Patient centricity already plays a vital role in rare diseases, where patients and caregivers have long been advocating for themselves to get access to diagnostics and treatments. To instill patient centricity into the healthcare system overall, however, calls for multistakeholder efforts. One of those leading the way is the not-for-profit collaborative initiative PFMD, which is building a patient engagement network called Synapse with the goal of bringing together the most active organizations, people, initiatives, and resources in patient engagement. This growing emphasis on patient partnership marks a significant shift from studying patients to partnership with them throughout the research and evidence lifecycle.

While much of the drive for patient engagement initiatives has been for rare diseases, there is a pressing and growing need for more initiatives in chronic diseases. According to the Centers for Disease Control and Prevention, 6 in 10 Americans have at least one chronic disease, and 4 in 10 have 2 or more chronic diseases.27 Patient engagement is an important risk factor for health outcomes in chronic diseases, and should be quantified as part of a comprehensive health risk appraisal.28 Health economics and outcomes research measurements that can encompass patient experiences beyond the clinic will be key to identifying how to improve outcomes.
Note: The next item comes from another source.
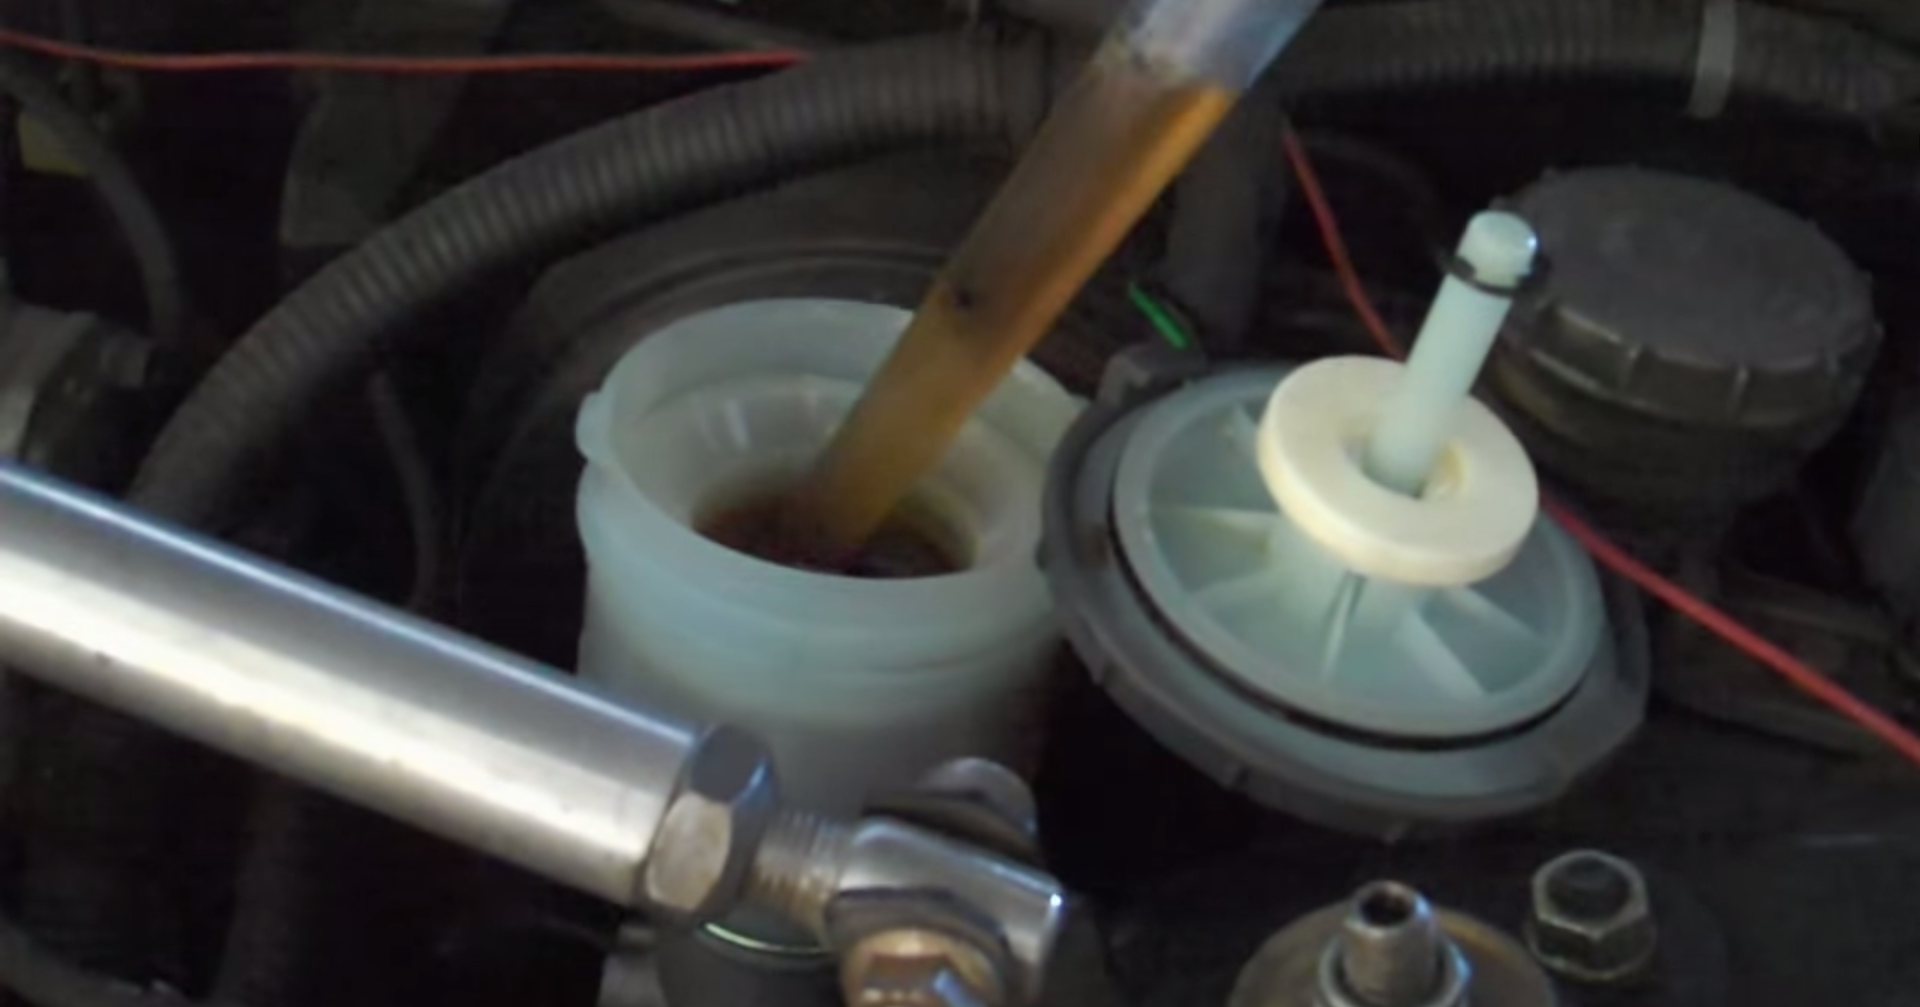 2015 02 20 15 52 58 Tutorial How to change brake fluid in a 1995 Honda Accord YouTube 40338
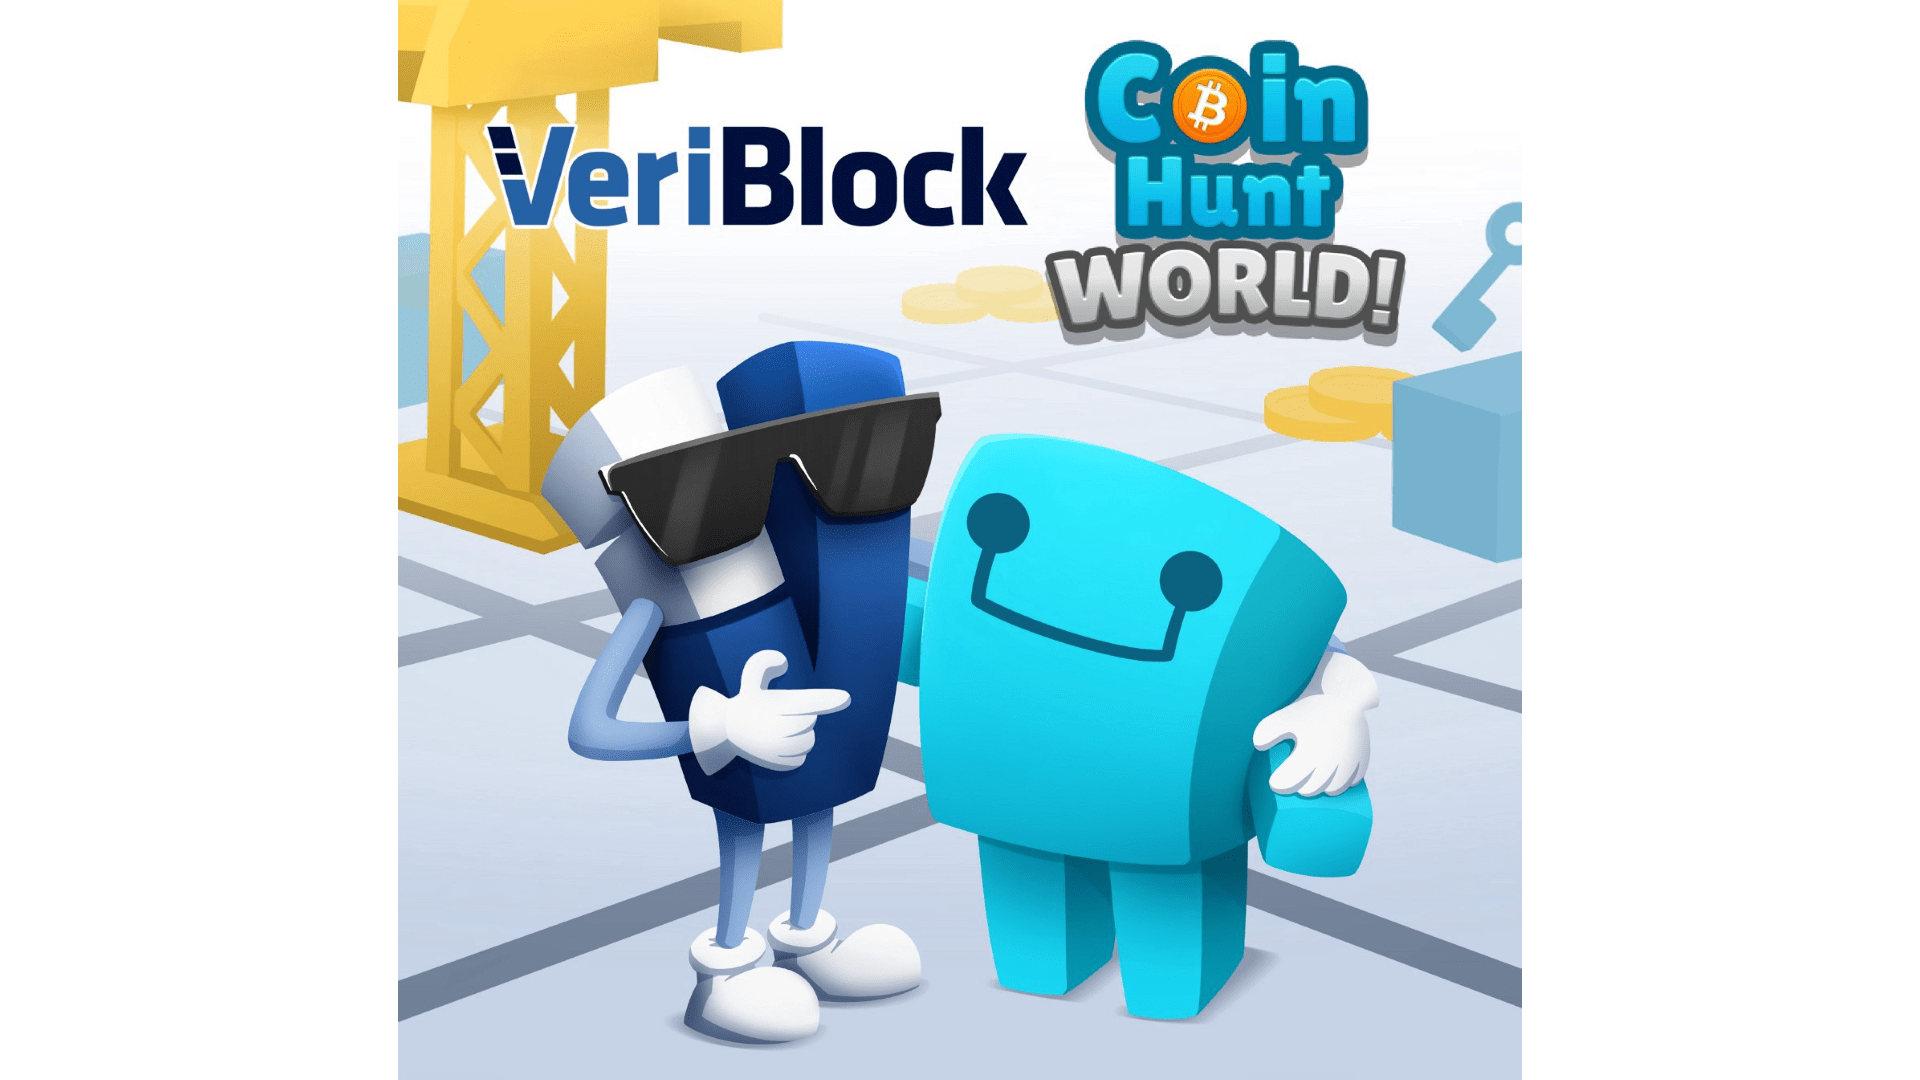 VeriBlock’s Coin Hunt World! Event Successful

ISPOR is actively working to create an environment where the expertise and knowledge of patients worldwide are valued and harnessed for better research and ultimately better health outcomes. The Society also offers a Patient-Centered Research topical webpage and has issued a number of its own reports on patient-centered research.



#7 Relevance of HEOR...

 


Demonstrating the Field's Vital Role in Health

A new topic to the top 10 trends is the relevance of health economics and outcomes research (HEOR) to health, healthcare, and the well-being of patients. Healthcare decision making is becoming increasingly complex due to the plethora of data and potential decision pathways. HEOR insights can provide the vital information needed to cut through that noise. This is ever more essential as health systems around the world are struggling to survive with myriad challenges, including rising and unsustainable healthcare costs, workforce shortages and burnout, and issues such as global conflict and climate change, all of which can dramatically impact health.

In the United States, the healthcare system is described as “a clash among competing forces,” as healthcare professionals focus on payment for services and autonomy, care facilities seek high-margin services and low supply costs, and suppliers focus on intellectual property protections and volume.29 In Europe, challenges include a rapidly aging population, underinvestment in healthcare systems, and shocks such as climate change and the Ukraine war. Southern and Southeast Asia are experiencing an unprecedented increase in aging population; by 2050, the region will be home to 1.3 billion age 60 and older, which will strain healthcare systems with growing comorbidities such as osteoarthritis, chronic obstructive pulmonary disease, diabetes, and dementia.30 China’s challenges include an insufficient medical insurance fund, nonuniform insurance reimbursement policies, a poor integrity system, and a lack of supervision in the management of the medical insurance fund.31 For those responsible for paying for and evaluating care, the only resource that can help make sense of the volume of complex data needed to make the best possible decisions are the insights provided by HEOR.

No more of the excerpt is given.